Almost a decade later, we tell stories of recovery even as injustice continues and many communities are anything but returned to wholeness. Thousands of native New Orleanians remain displaced, while newcomers flock here in pursuit of a bohemian lifestyle and “affordable” rents. The vast majority of the city’s public housing has been demolished. Deep-rooted cultural traditions are imperiled by gentrification and pervasive violence. Former working-class neighborhoods like the Lower 9th Ward are visible embodiments of patchwork (re)development.

When Hurricane Sandy made landfall in October of 2012, the rhetoric of recovery went national. New York and New Jersey had suffered over $65 billion in damages and economic losses, and the storm and floodwaters displaced thousands of New York and New Jersey residents. The conversation of how to fix disaster-prone geographies again became the stuff of headlines.

It goes without saying that Sandy and Katrina were perceived differently in Washington — remember when Senate Majority Leader Harry Reid said that Hurricane Katrina was “nothing in comparison to what happened to the people in New York and New Jersey” after Hurricane Sandy. No one talked about bulldozing the Rockaways or Jersey Shore neighborhoods. To many on Capitol Hill and around the country, it’s one thing when the Big Easy – coastal, cash-strapped, corruption-ridden – is devastated and quite another when the world’s most powerful metropolis is briefly brought to its knees.

It follows that one of the major differences between the storms was the ostensible speed of government response on municipal, state and federal levels during and immediately after Sandy. On many other levels, however, Sandy functioned for New York and Jersey in the same way Katrina did for New Orleans. Like Katrina, Hurricane Sandy exposed staggering inequalities – those related to housing, mobility, and allocation of resources. Nearly two years later, many New York and New Jersey residents desperate to rebuild their homes and communities seem to be engulfed in the same bureaucratic quagmire that plagued post-Katrina rebuilding. Both disasters have also made clear that authentic, holistic and equitable recovery for all communities requires telling real representative stories that bring new voices into the national conversation.

Filmmaker William Sabourin (pictured) documented what he saw during and after Hurricane Katrina . His story is told in “Katrina/Sandy.” (photo credit: Luisa Dantas)

I first began gathering footage for what would become the Land of Opportunity documentary project six months after Katrina. The project has continued for more than eight years and now spans a variety of media. In its embryonic stages, Land of Opportunity was an effort to capture diverse (and often divergent) perspectives on the storm and its aftermath: undocumented immigrant workers, community activists, displaced youth, politicians, urban planners, and public housing residents were the stars of a feature-length film. Today, Land of Opportunity includes an interactive web platform that features collaborative stories of community (re)building in multiple cities. Soon after Sandy, I began collaborating with mediamakers Rachel Falcone and Michael Premo, creators of a similarly inspired participatory documentary project, Sandy Storyline.

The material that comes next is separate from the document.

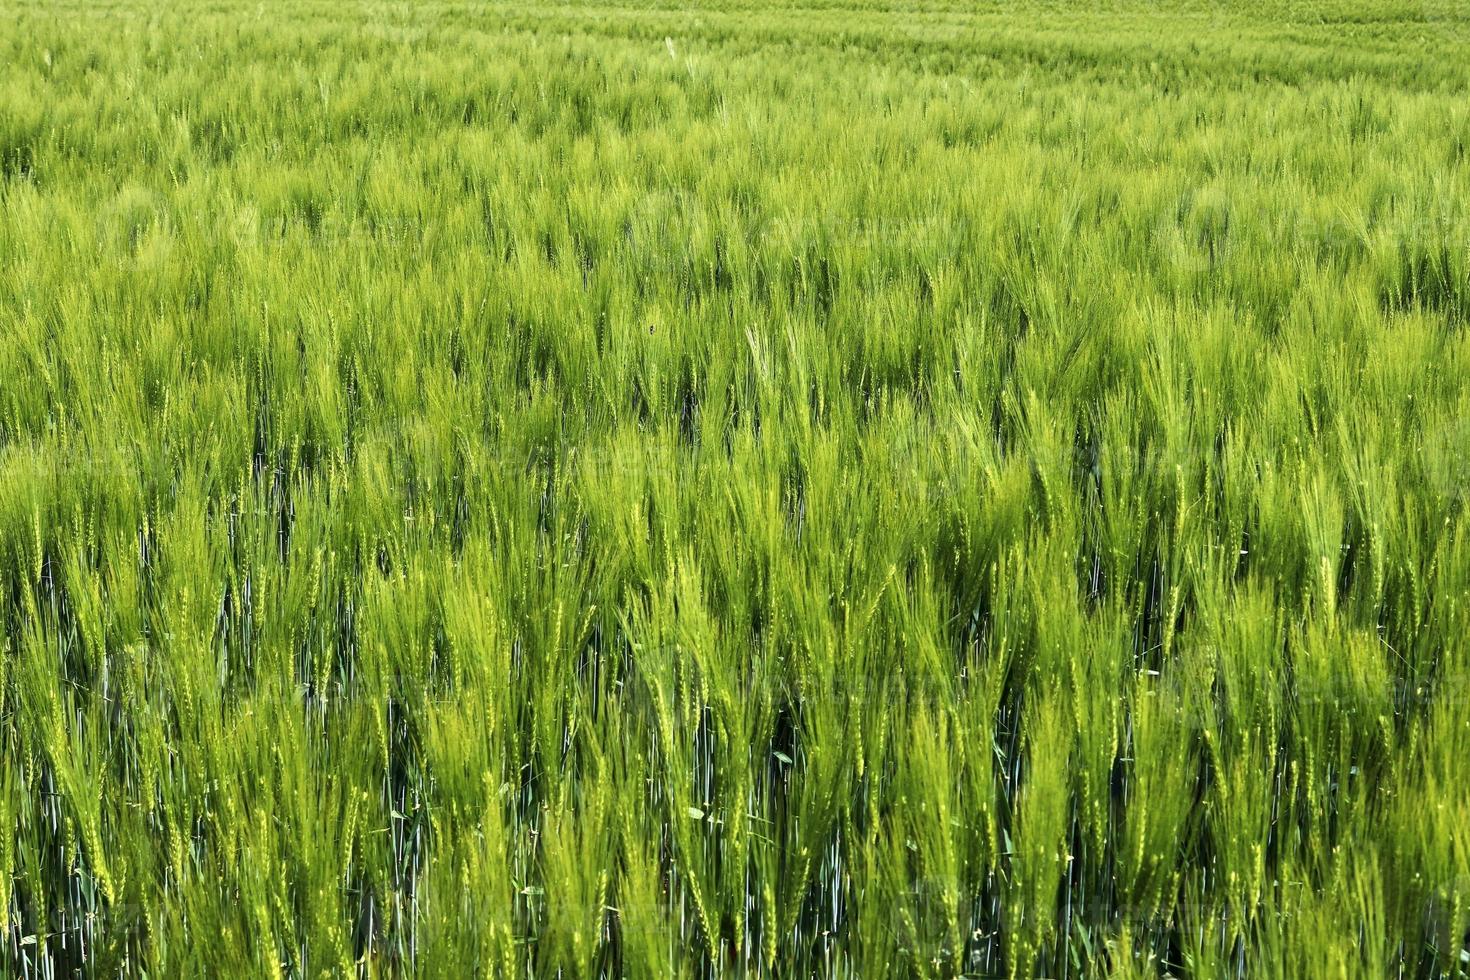 bella e dettagliata vista ravvicinata sulle trame dei campi di grano e colture nell'Europa settentrionale. foto

Falcone and Premo worked with neighborhood organizations and grassroots leaders to tell the stories of people affected by the storm through community-generated audio, video, text, and images. It was a novel approach to covering a storm that because of its geography in the media center of the world had received plenty of press but very little of it directed by the people most affected.

Joe Lombardi (pictured) faced months of repairs and cleanup after Hurricane Sandy. His story was told by in the Sandy Storyline. (photo credit: Adrianne Mathiowetz/ Sandy Storyline)

As documentarians on the ground immediately after Katrina and Sandy, Rachel, Michael and I wondered what we could learn by stepping back and viewing these stories in conversation with one another and further grounded in the perspective of time and a national outlook. This led to the development of Katrina/Sandy, an interactive timeline that connects the dots between what have arguably been the two most devastating disasters in our nation’s recent history.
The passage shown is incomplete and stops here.